Pouco antes de Formoso há uma várzea que sempre inunda nas enchentes. Nela havia, além
das marcas usuais da cheia da noite anterior, pelo menos cinco árvores de porte razoável deitadas ao
longo das margens do rio, todas inteiras com galhos e raízes. Isso chamou atenção por não ser
comum. Em geral aparecem troncos quebrados, mas árvores inteiras…
Ao chegar de volta à fazenda por volta das 7h saí com o caseiro para ver o que havia
acontecido. A paisagem era desoladora. O riacho onde captamos a água potável que abastece a
propriedade estava irreconhecível. As árvores das margens haviam sido arrancadas “com raiz e
tudo”, restava apenas um atoleiro barrento que cercava as águas também barrentas. Na lama mole
afundávamos até acima da altura dos joelhos.
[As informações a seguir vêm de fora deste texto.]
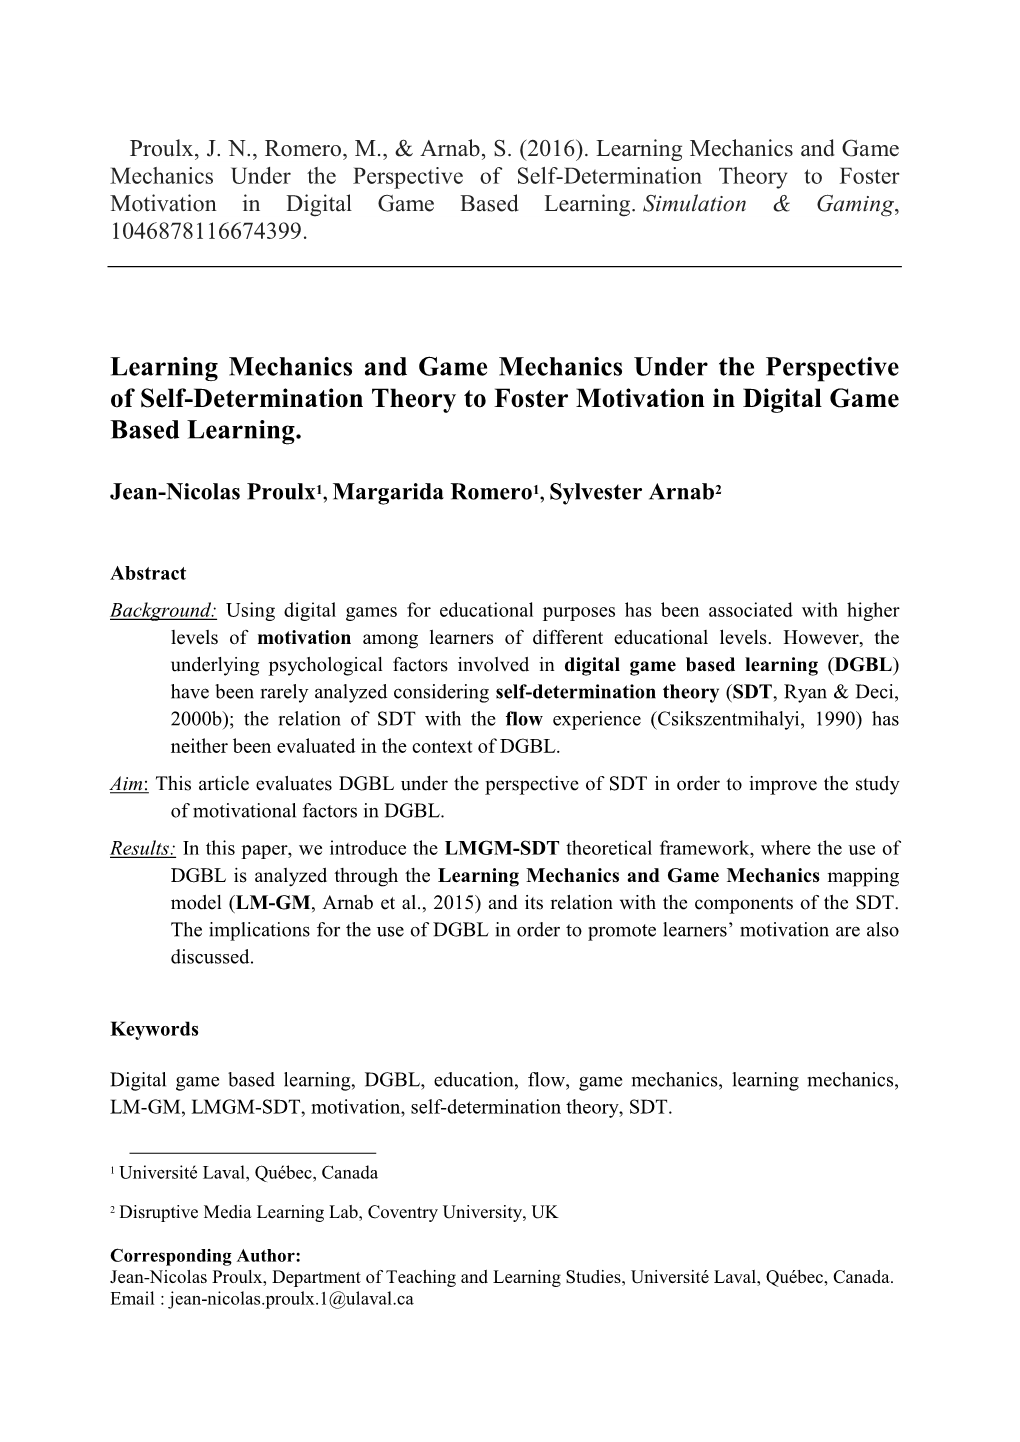 Learning Mechanics and Game Mechanics Under the Perspective of Self-Determination Theory to Foster Motivation in Digital Game Based Learning

Logo ficamos conscientes de que estávamos sem água para o consumo. A captação, caixa de
areia e grande parte dos canos foram levados na enchente e desapareceram para sempre. A primeira
providência foi comprar uma bomba de sucção e passar a captar água diretamente do Rio Segredo,
logo acima de onde desaguava a lama. Por sorte na época tínhamos um longo cabo de energia, que
usávamos nas cortadeiras elétricas de grama. A solução foi provisória pois havia um outro ponto
com lama um pouco acima no rio. Mas a água servia para a limpeza, banho e necessidades básicas.
Água potável passamos a buscar em uma nascente próxima chamada “água do boi”, ficamos quase
um ano buscando água nesse local.
Também tínhamos que resolver o problema da água da ducha e piscina. Essa água vem
desde 1850 a partir de um desvio do Rio Segredo. Logo descobrimos que esse desvio estava acima
da outra fonte de lama e aquela água continuava potável. Como o canal que traz essa água passa
dentro do riacho da tromba d’água, essa parte acabou sendo obstruída totalmente. Foi preciso
improvisar “uma ponte” sobre o riacho feita com canos de esgoto de 100mm. Um vão de 16m foi
preenchido por essa ponte improvisada, suspensa em cabo de aço e escorada com bambus gigantes.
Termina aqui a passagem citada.